◆ Assignment
Return the data below in full and exactly, except that the pictures are dropped.

◆ Available data

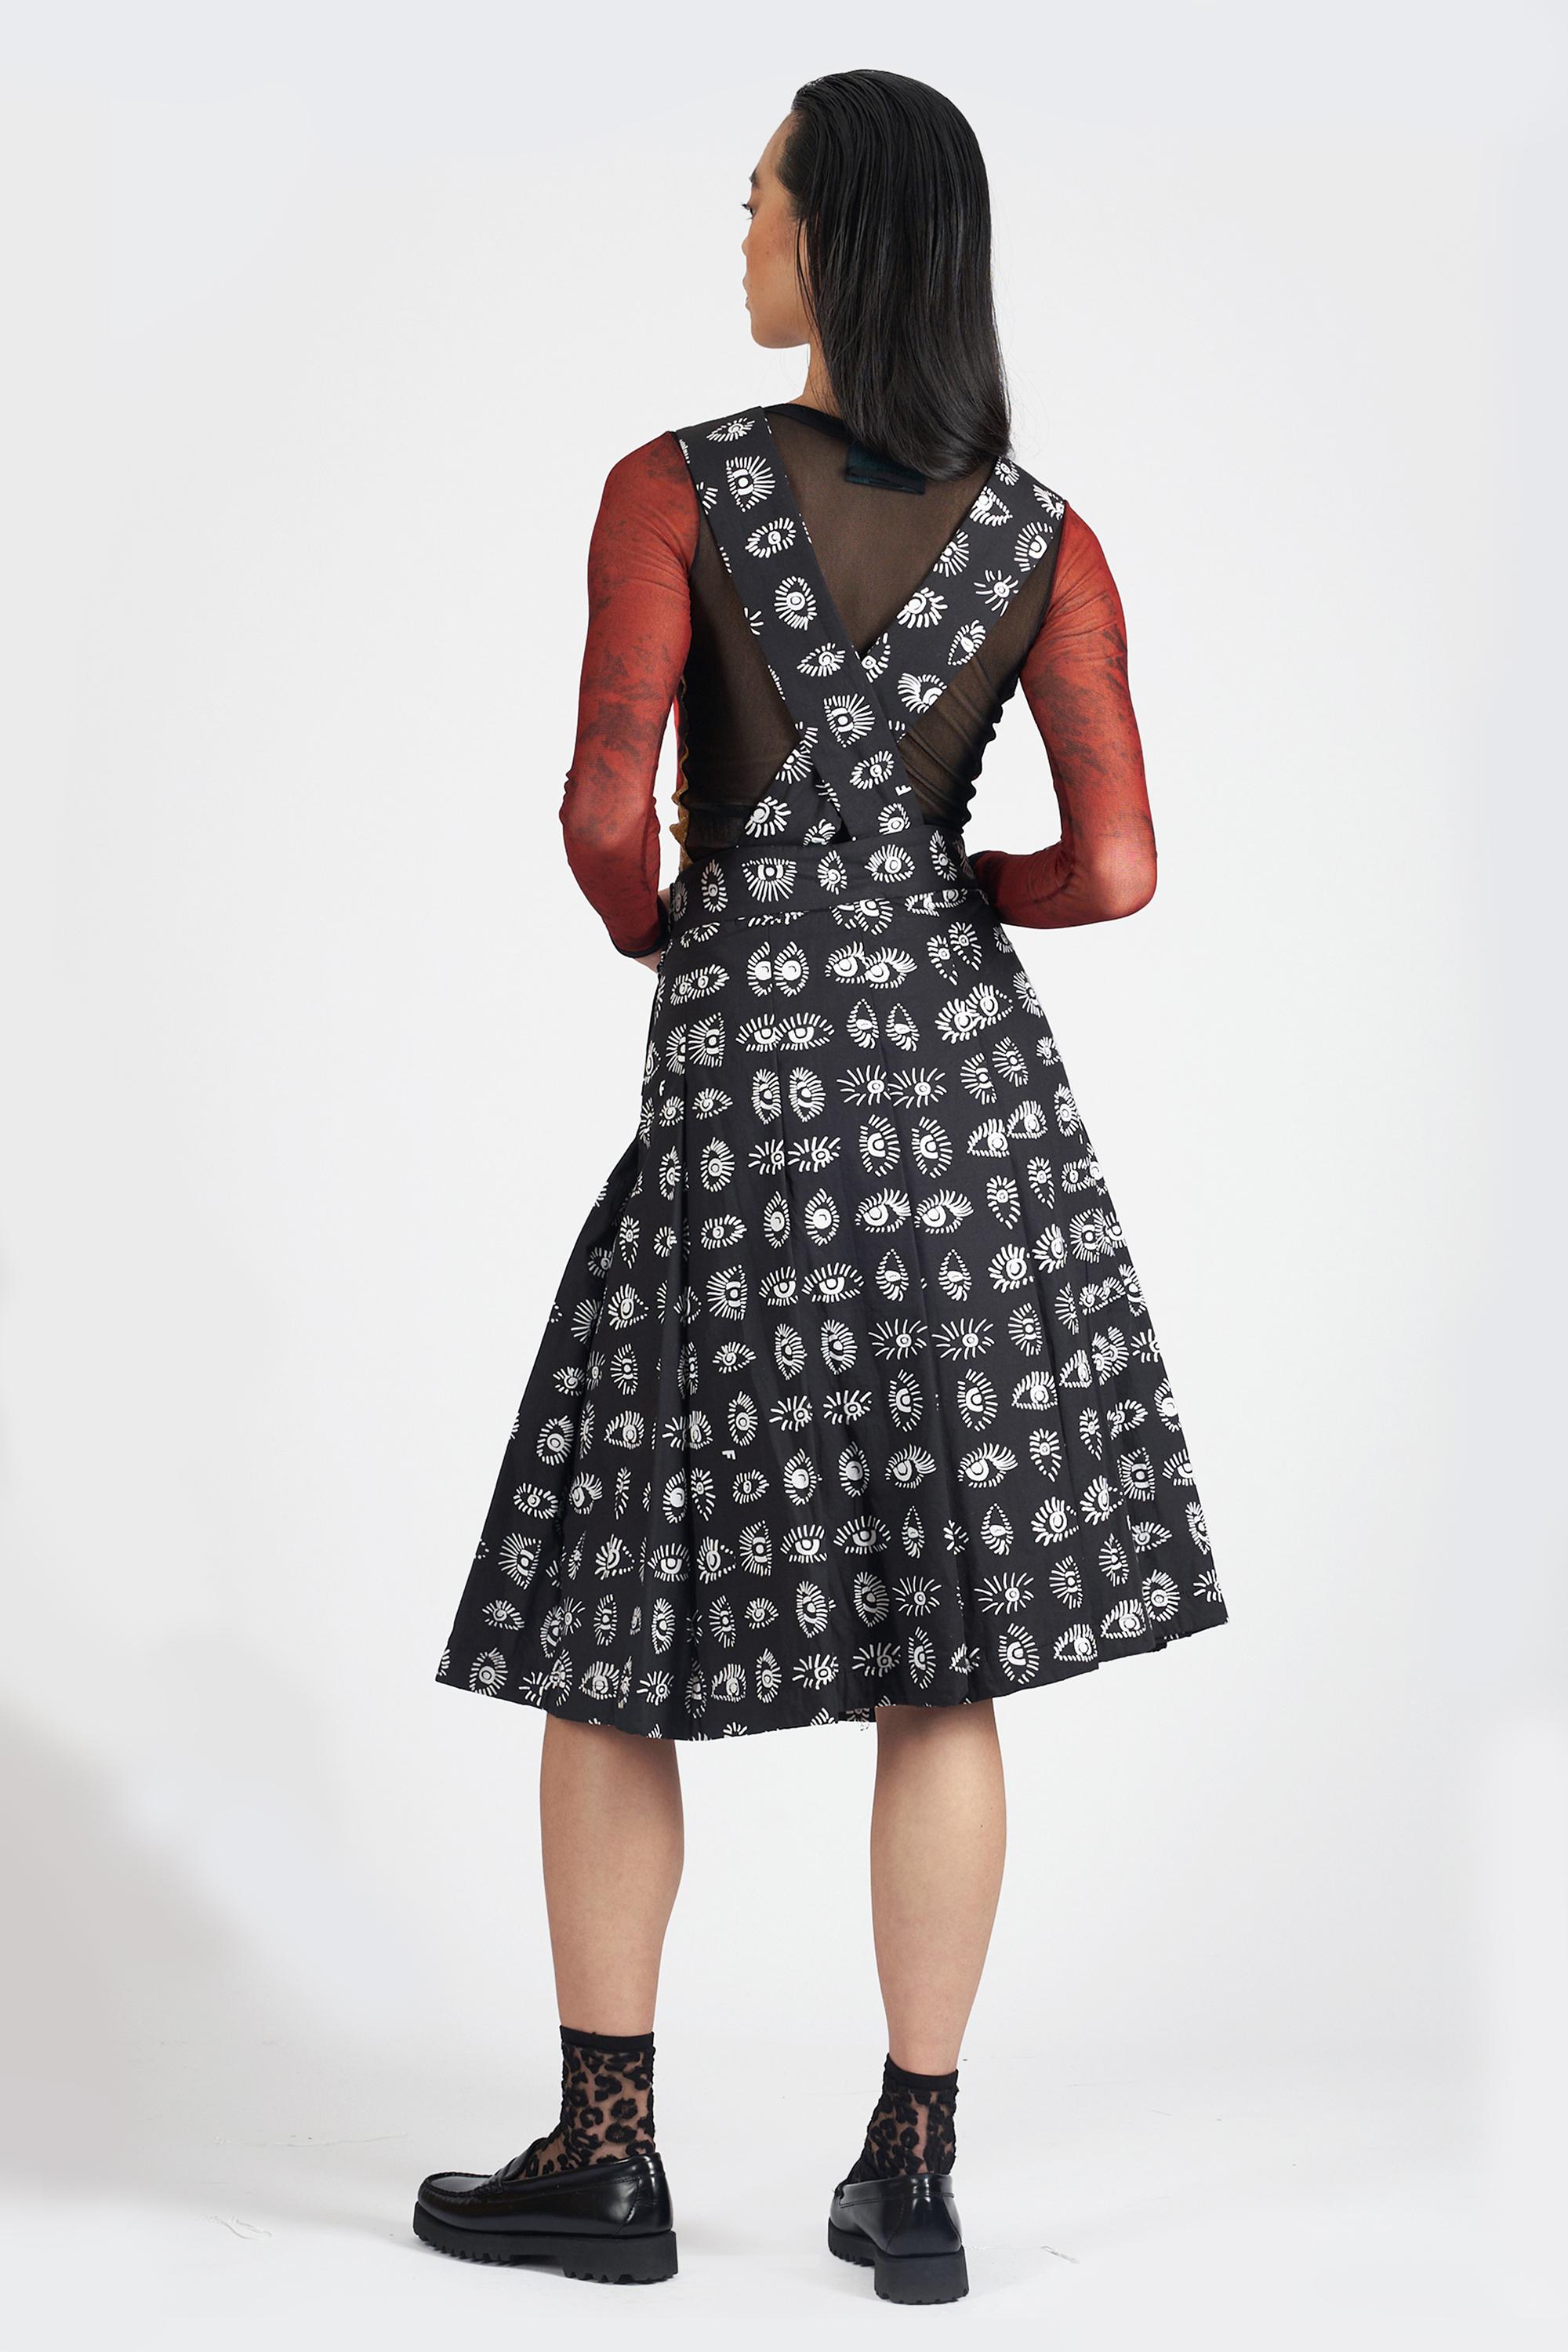 Nous sommes ravis de vous présenter cette robe salopette Comme Des Garçons 2015. Encolure carrée, dos croisé, fermeture latérale zippée et boutonnée, motif en forme d'œil et longueur midi. Vintage, en excellent état.
Authenticité garantie.

Taille

◆ Written response
 Nous sommes ravis de vous présenter cette robe salopette Comme Des Garçons 2015. Encolure carrée, dos croisé, fermeture latérale zippée et boutonnée, motif en forme d'œil et longueur midi. Vintage, en excellent état.
Authenticité garantie.

Taille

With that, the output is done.